Perhaps Artem’s most powerful point: strategy is only 30% of the work. Execution is 70%. “On paper, it all looks great. But then things change. Priorities shift. You hit roadblocks. Execution is where discipline matters most.”

He treats execution like project management, timelines, owners, tracking tools, and check-ins. “It’s not glamorous, but it’s what brings the strategy to life.”

Artem’s framework: Turning strategy into action

When the time is right to create a strategy, Artem follows a clear, three-step process:

1. Discovery

Artem’s process always starts with understanding what the business is trying to achieve, but not by asking people right away. First, he reviews everything that’s already available: annual strategy docs, roadmaps, internal plans. “You can learn a lot just from desk research,” he said.
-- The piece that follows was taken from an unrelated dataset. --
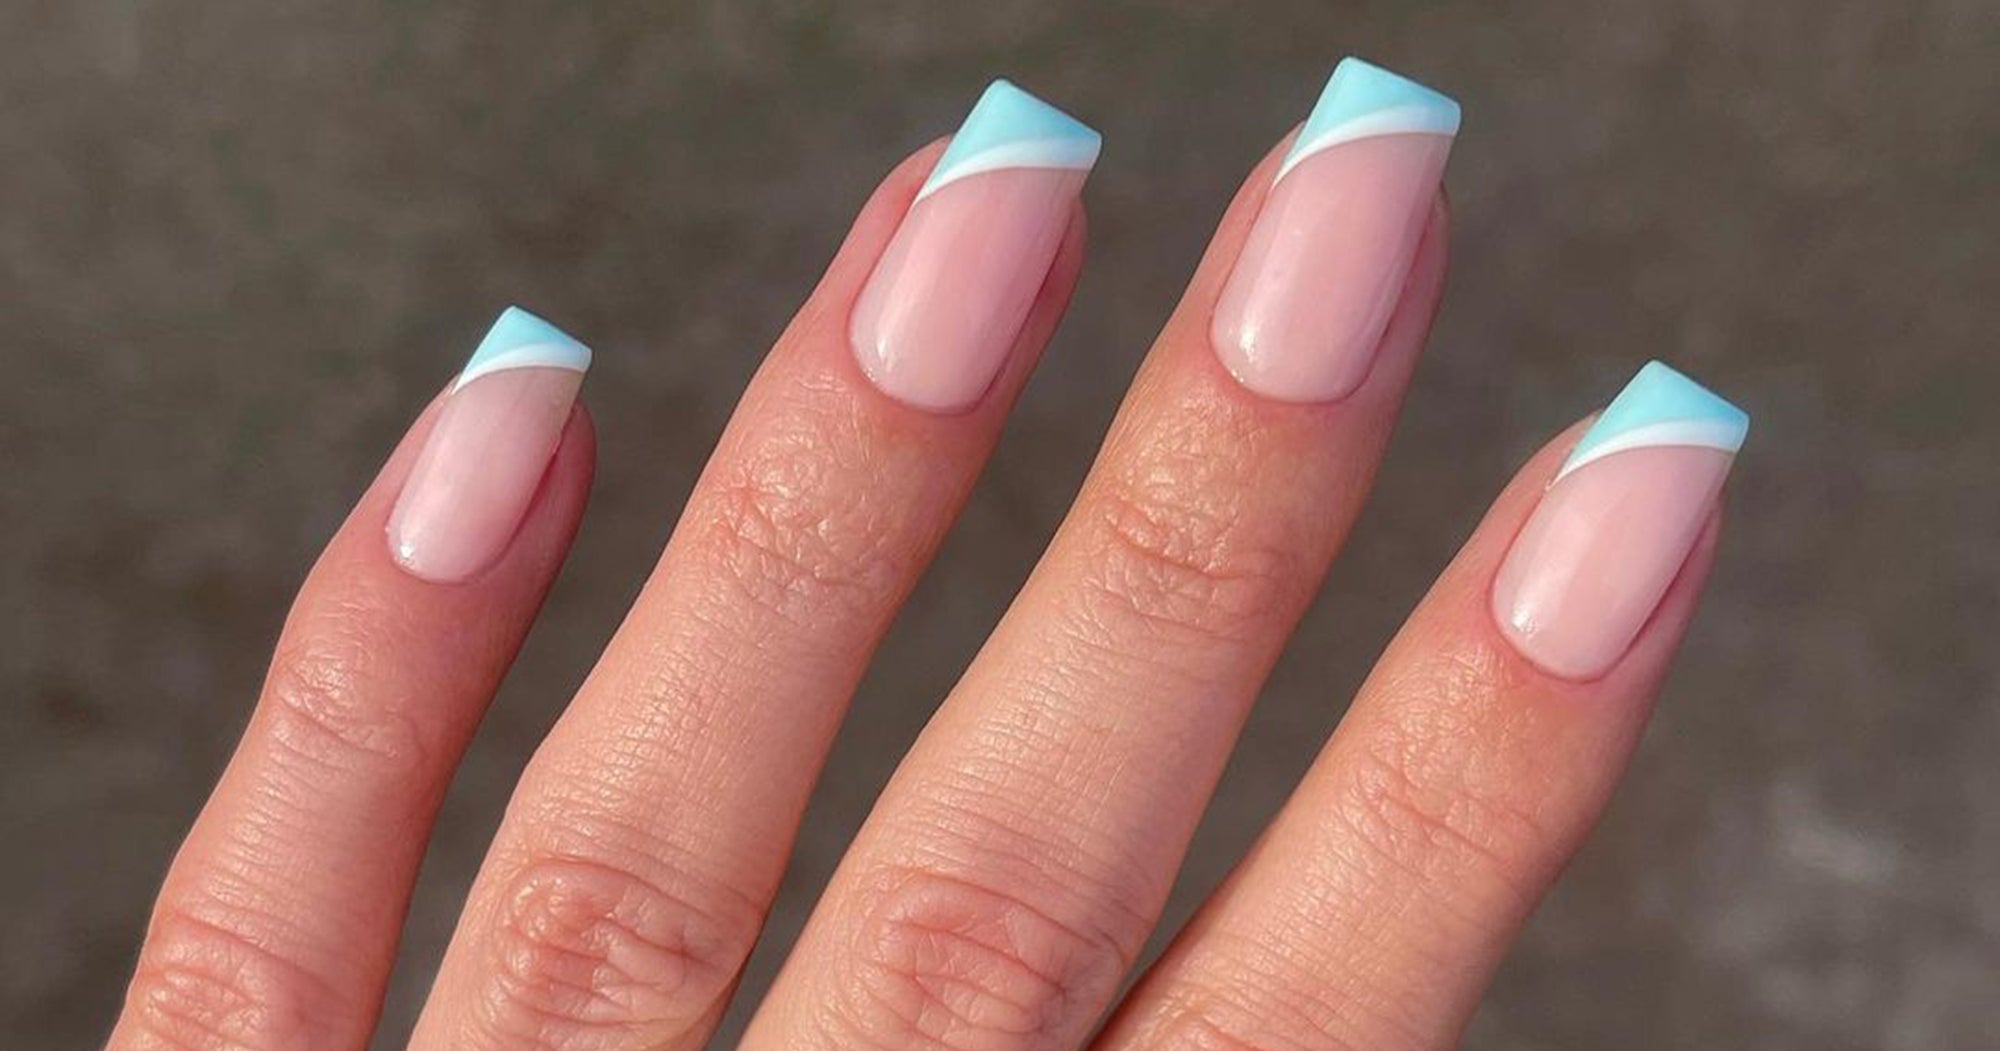 11 Double French Manicure Ideas That Are Cooler Than The Classic

Then, he moves to stakeholder conversations not to ask what the strategy is but to validate what he’s seen. “It’s really a playback moment,” he explained. “You say, ‘This is what I understood from your strategy doc, is that correct?’ That builds alignment and trust.”

If you're lucky (or rather, trusted), you might be brought into strategic discussions early on. “It’s not really luck,” Artem said. “It means you’ve shown that you bring value.”
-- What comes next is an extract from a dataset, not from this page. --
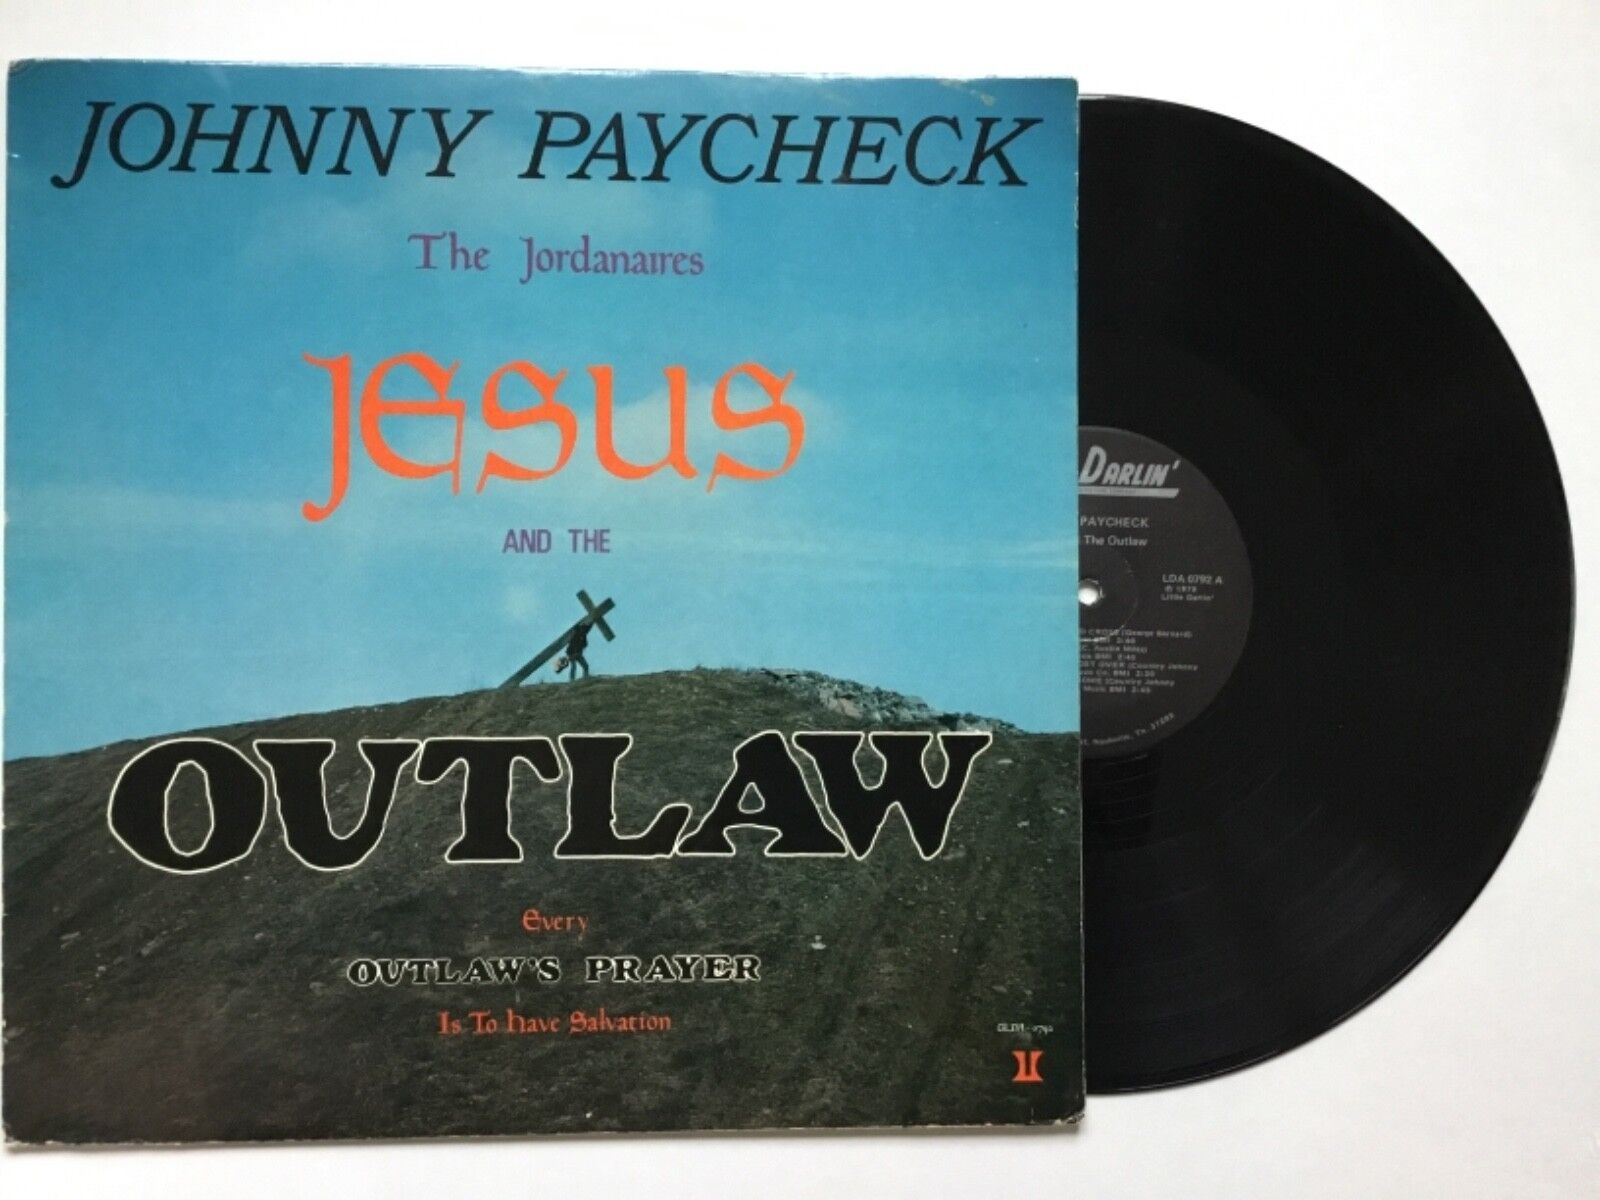 Johnny Paycheck & The Jordanaires: JESUS AND THE OUTLAW 1979 LP MINT+bonus CD

When those meetings happen, he keeps things simple and direct. “You want to speak in business terms, not L&D jargon,” he advised. “Words like ‘skills’ are understood. Leave the rest out.”

He often sticks to just two questions:

  • What are your priorities this year?
  • What skills do you think your team needs to achieve those?

The goal of discovery isn’t just to collect data, it’s to find the places where L&D can make the biggest impact. “That’s the hardest part,” he said. “Designing solutions is relatively straightforward. But identifying the right things to work on? That’s what makes or breaks a strategy.”

2. Strategy on a page

Once Artem has clarity on the business direction, he distills everything into a single-page visual map. “I’m a visual thinker,” he said. “So putting it all in one place helps me, and others, see the big picture clearly.”

This page isn’t a static document, it’s a working tool. It usually includes:

  • The company’s strategic business objectives
  • Key L&D themes that support them (e.g. strong leaders, engaged employees, global capability)
  • Success metrics for each theme
  • Specific programs or initiatives mapped to those themes
  • Enablers like learning technology, stakeholder support, or talent frameworks

“It’s not just about listing activities,” he explained. “It’s about showing the connection between what the business wants and what L&D will actually do.”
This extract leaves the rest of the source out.